There
is no doubting the interlocking facts that a virile democracy gives
birth to a vibrant judiciary, which in turn would strive to be
independent enough to sanitize and sustain that democratic atmosphere in
which it has its being and existence.
The
judiciary prides itself, and rightly too, as the last hope of the
common man, the bastion of an oppressed people seeking the alluring
aroma of justice in a society fraught with constitutional breaches and
moral in-exactitudes.
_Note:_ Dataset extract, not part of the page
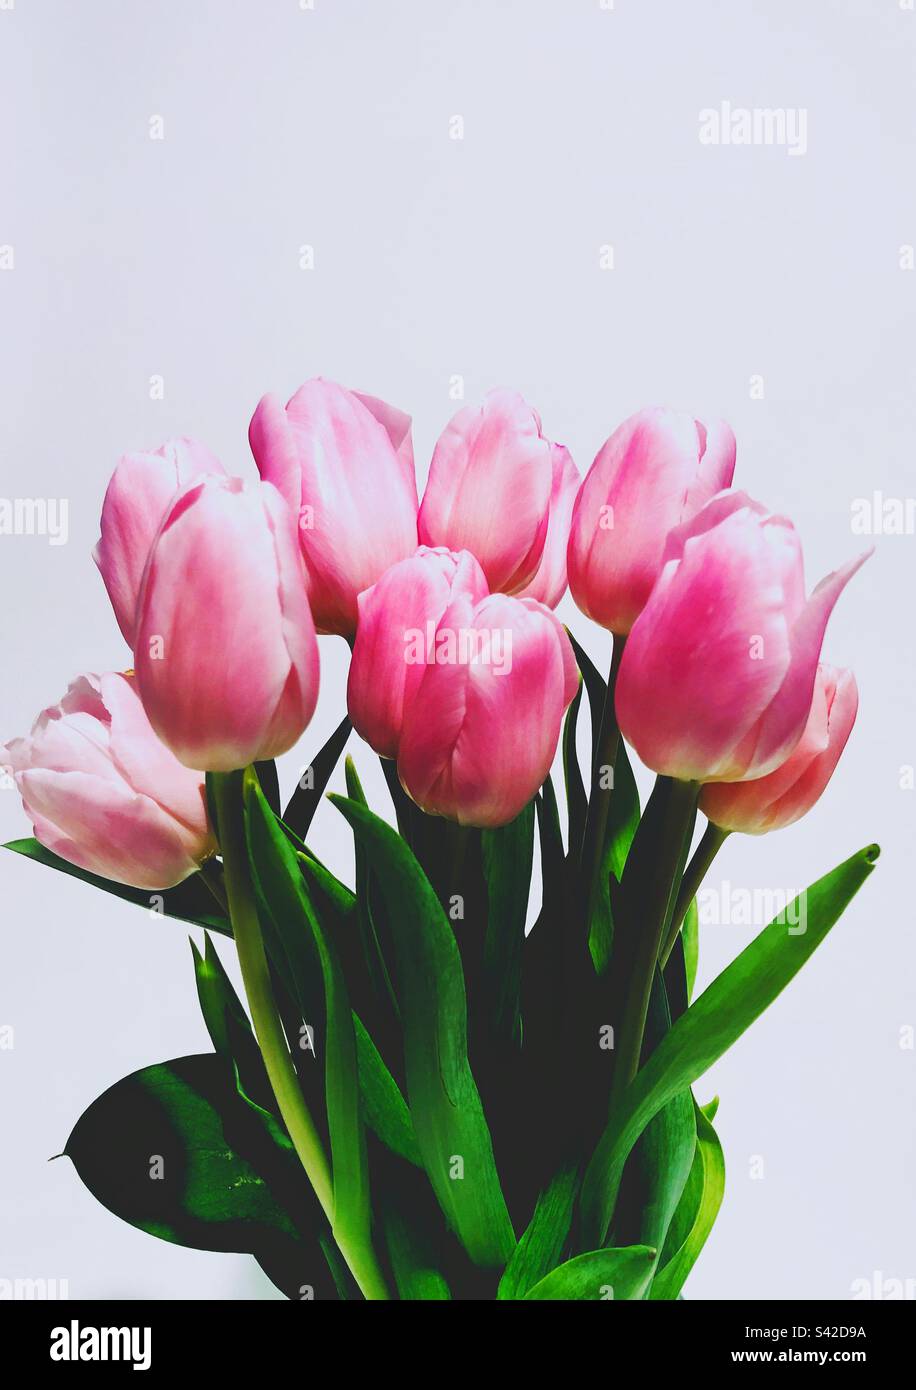 Rosa fiori di tulipani in fiore Foto Stock

This is the textbook relevance of the judiciary
in the affairs of civilized man.
In
Nigeria today, a majority of the people would easily agree that justice
is a cash-and-carry affair; that the Poor can hardly get favourable
judgment because the Rich infiltrate into the administration of justice.
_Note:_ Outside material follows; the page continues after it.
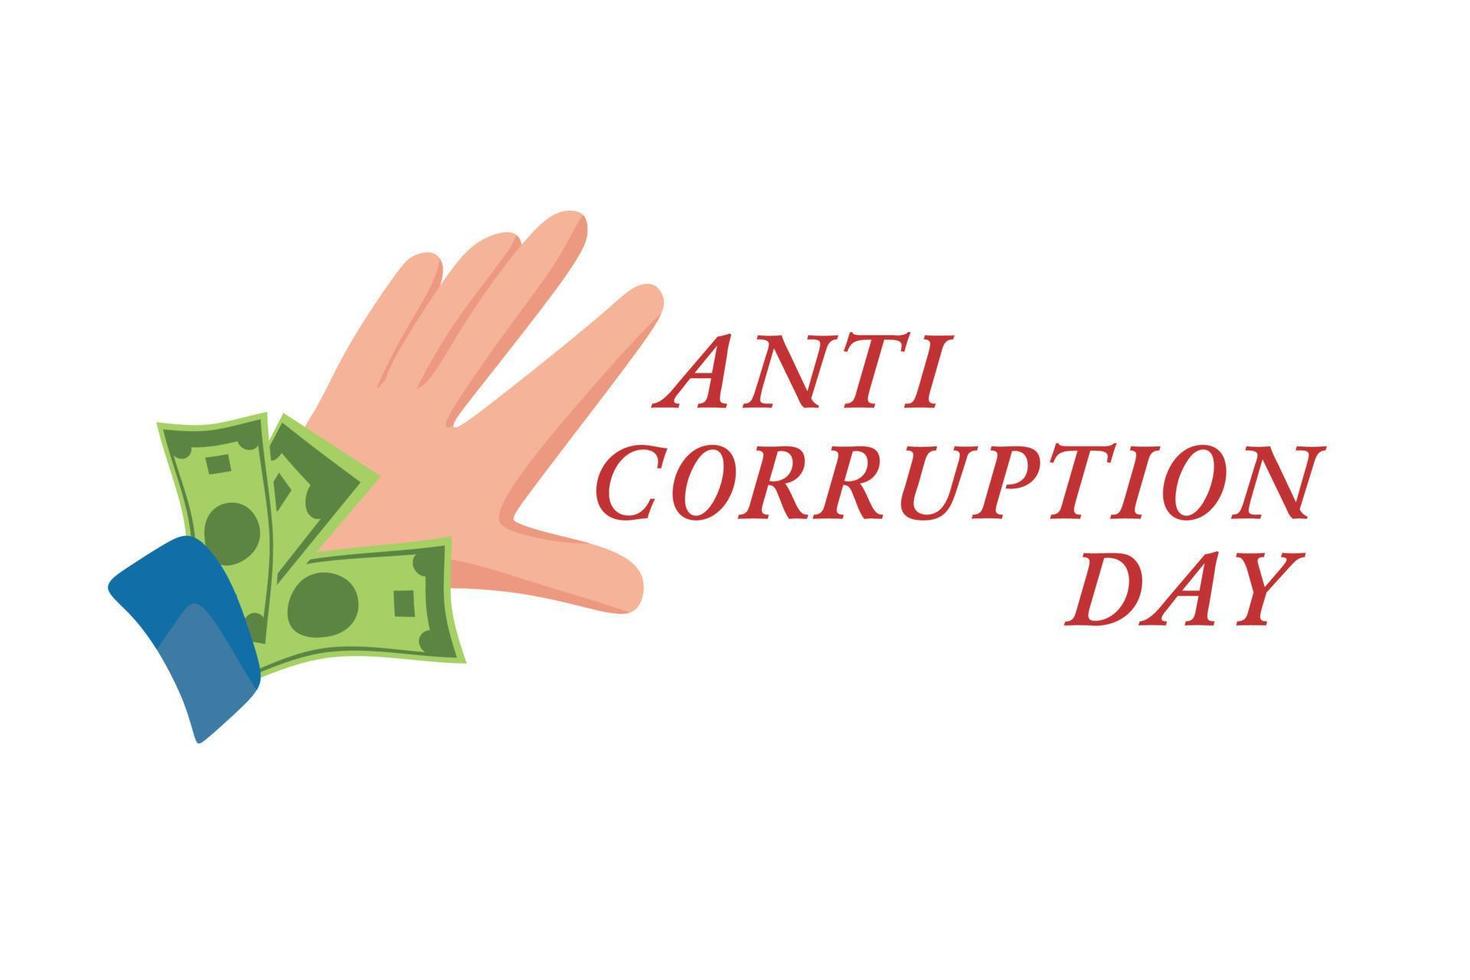 día internacional contra la corrupción, 9 de diciembre. cartel o publicación en internet. ilustración de dibujos animados vectoriales. vector

The judiciary has been accused of not exerting its independence and of
not being able to break away from the apron string of the executive arm
of government. And by so deficient, it has mortgaged its very soul and
relevance to the whims and caprices of a morally deficient executive
arm.
Recently,
in our democratic politics, some analysts have had cause to question
the appropriateness of some judicial pronouncements and decisions, which
were glaringly at variance with the upright ethics of the legal
profession. Those in support of the actions of the judiciary have risen
in defence to aver that the law is an ass; that judicial pronouncements
and decisions are influenced by other extraneous factors other than the
right/wrong divide.
While
all these could be true, we, however, urge the judiciary to lift itself
above board and be dispassionate in its pronouncements. What is
fundamentally wrong is wrong, legal gymnastics not withstanding. Some
have argued that because the judiciary has no instrument of force to
coerce the executive arm of government to accept and implement its
decisions that is why it often does not want to give judgments that go
contrary to the wishes of the executive arm.
Even
at that, there is nowhere in the world where the judiciary has a
standing army in its control to enforce its pronouncements. It should
avail itself of the enduring and more potent moral authority by making
definitive pronouncements against attempts by government to employ
unconstitutional and immoral methods to implement its unpopular wishes.